STREAM helps students thrive

This fall Kump Education Center will begin a fourth year of the STREAM (Science, Technology, Reading, Engineering, Art and Math) mentoring program in Randolph County Public Schools.

At-risk students benefit from individual coaching, field trips, and art activities led by AmeriCorps on the Frontline members sponsored by Kump Education Center with generous donations under the Neighborhood Investment Program with West Virginia tax credits for gifts over $500.

Jodi Calkins and Mary English will serve as STREAM mentors at Elkins Middle School and Jeanne Johnson will serve at North Elementary School.

These caring mentors build trust with their students by helping them to discover their strengths using a “Self-Trust Survey.” Then they work with students to set “SMART Goals” (specific, measurable, attainable, relevant and timely).
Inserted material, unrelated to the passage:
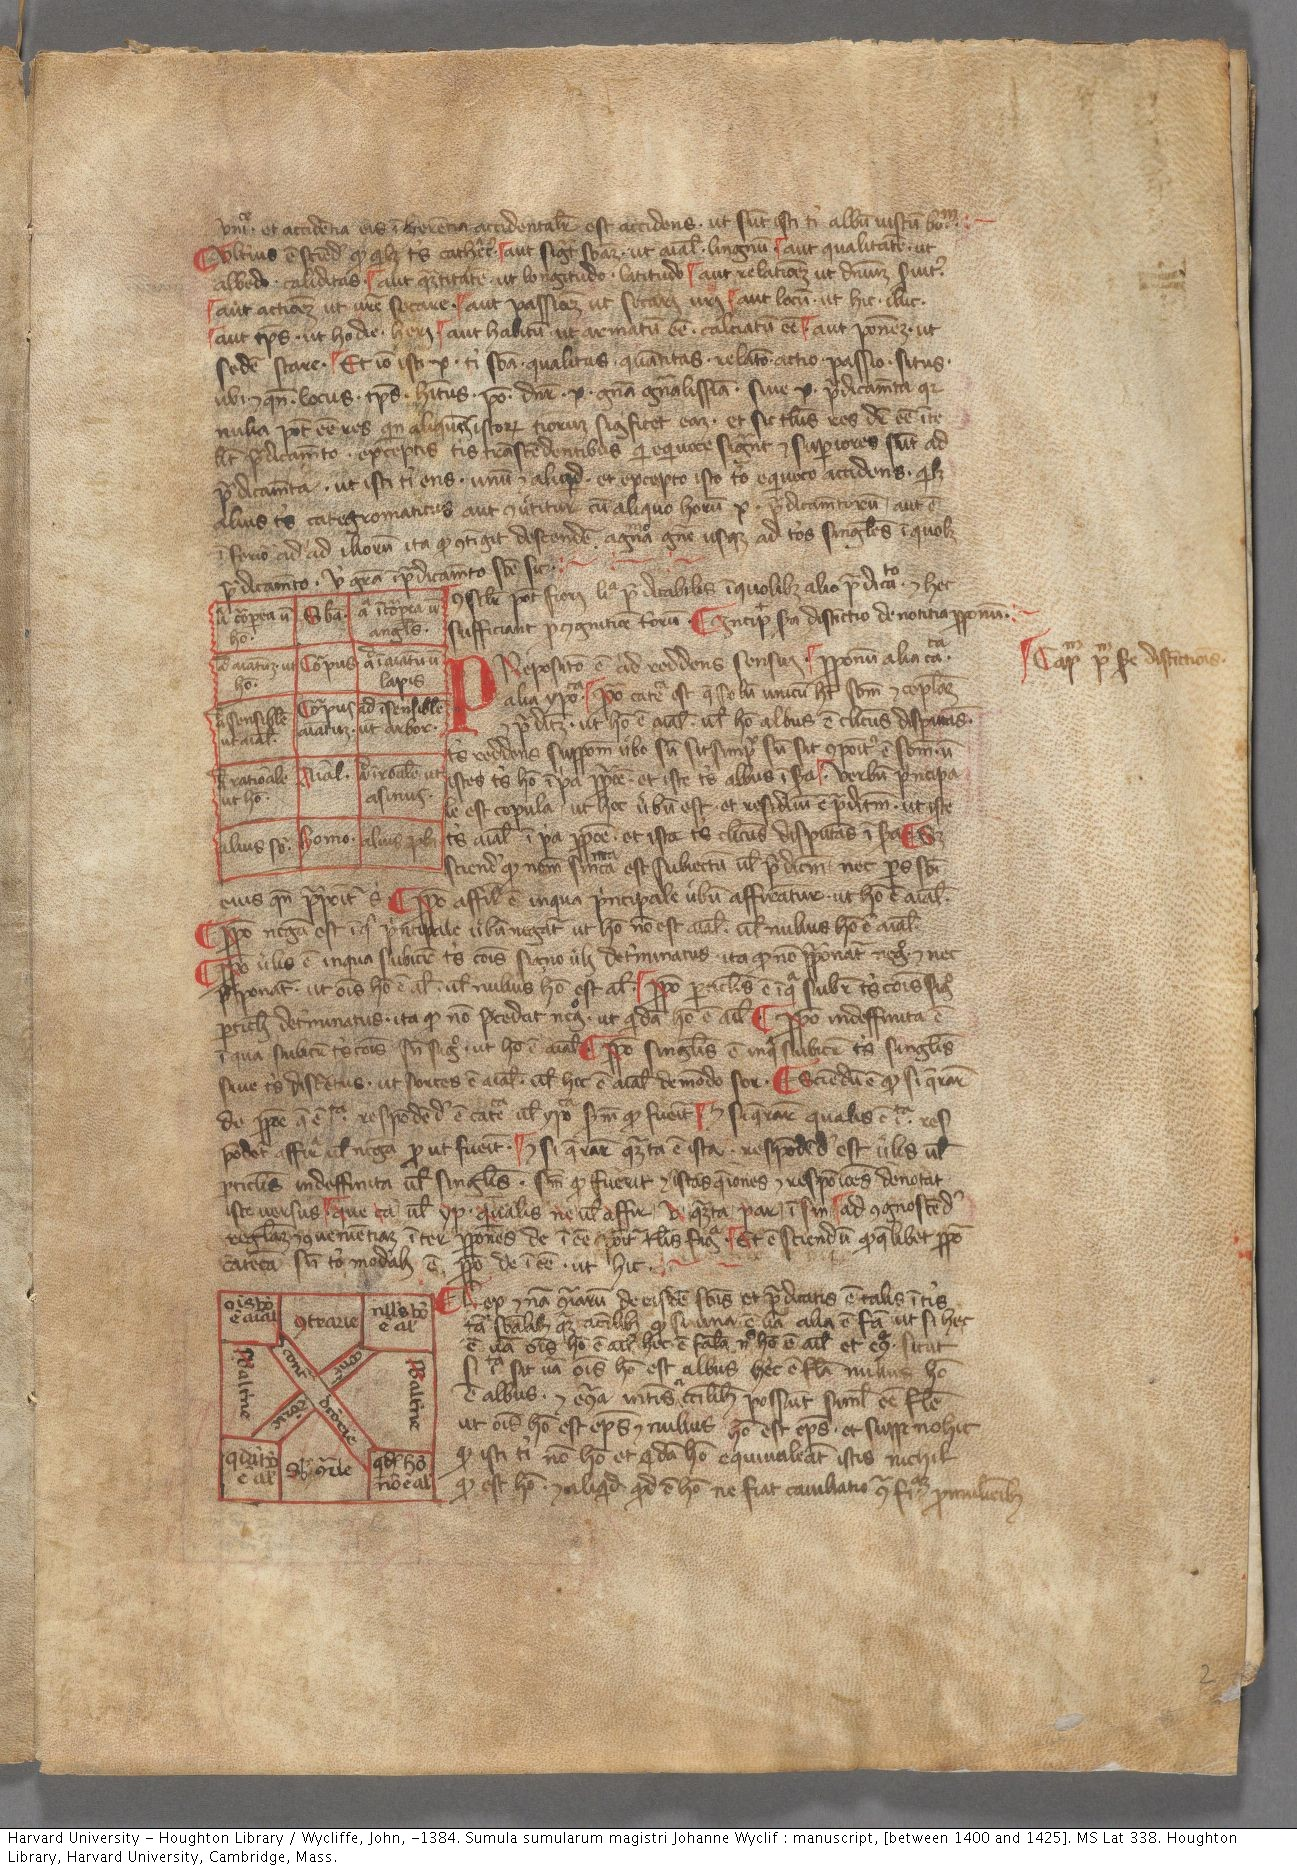 Wycliffe, John, -1384. Sumula sumularum magistri Johanne Wyclif : manuscript, [between 1400 and 1425]. MS Lat 338

STREAM students go on local field trips to places like Davis & Elkins College and the Division of Natural Resources, and they hear speakers describe little known local career opportunities.

STREAM students have programed NASA Robots and done chemical experiments at school, and we hope to provide a demonstration on the various ways drones can be used in remodeling houses and other useful tasks.

This year mentors want students to feel that they have some say in what happens in their school. Mentors plan to work with students on STREAM DREAM projects to improve life at EMS and NES.

Students will decide how to make their school a nicer place to be each day. They will do projects like painting a mural in the cafeteria, creating a pollinator path of blooming plants in the school yard, repairing and painting bleachers beside playing fields, or redecorating a restroom. They may do more than one project if time allows this year and they may decide to continue STREAM DREAM next year.

Mentors also plan to work with students and administrators to understand “Restorative Justice” a system for student reconciliation that is becoming popular in other parts of the United States.

“Restorative Justice” empowers student to resolve conflicts on their own and in small groups encouraging peer-to-peer respect and classroom community building.

In a world where media reports are full of competition, contention, and conflict, we plan to help students set small goals and do positive projects to restore harmony and hope.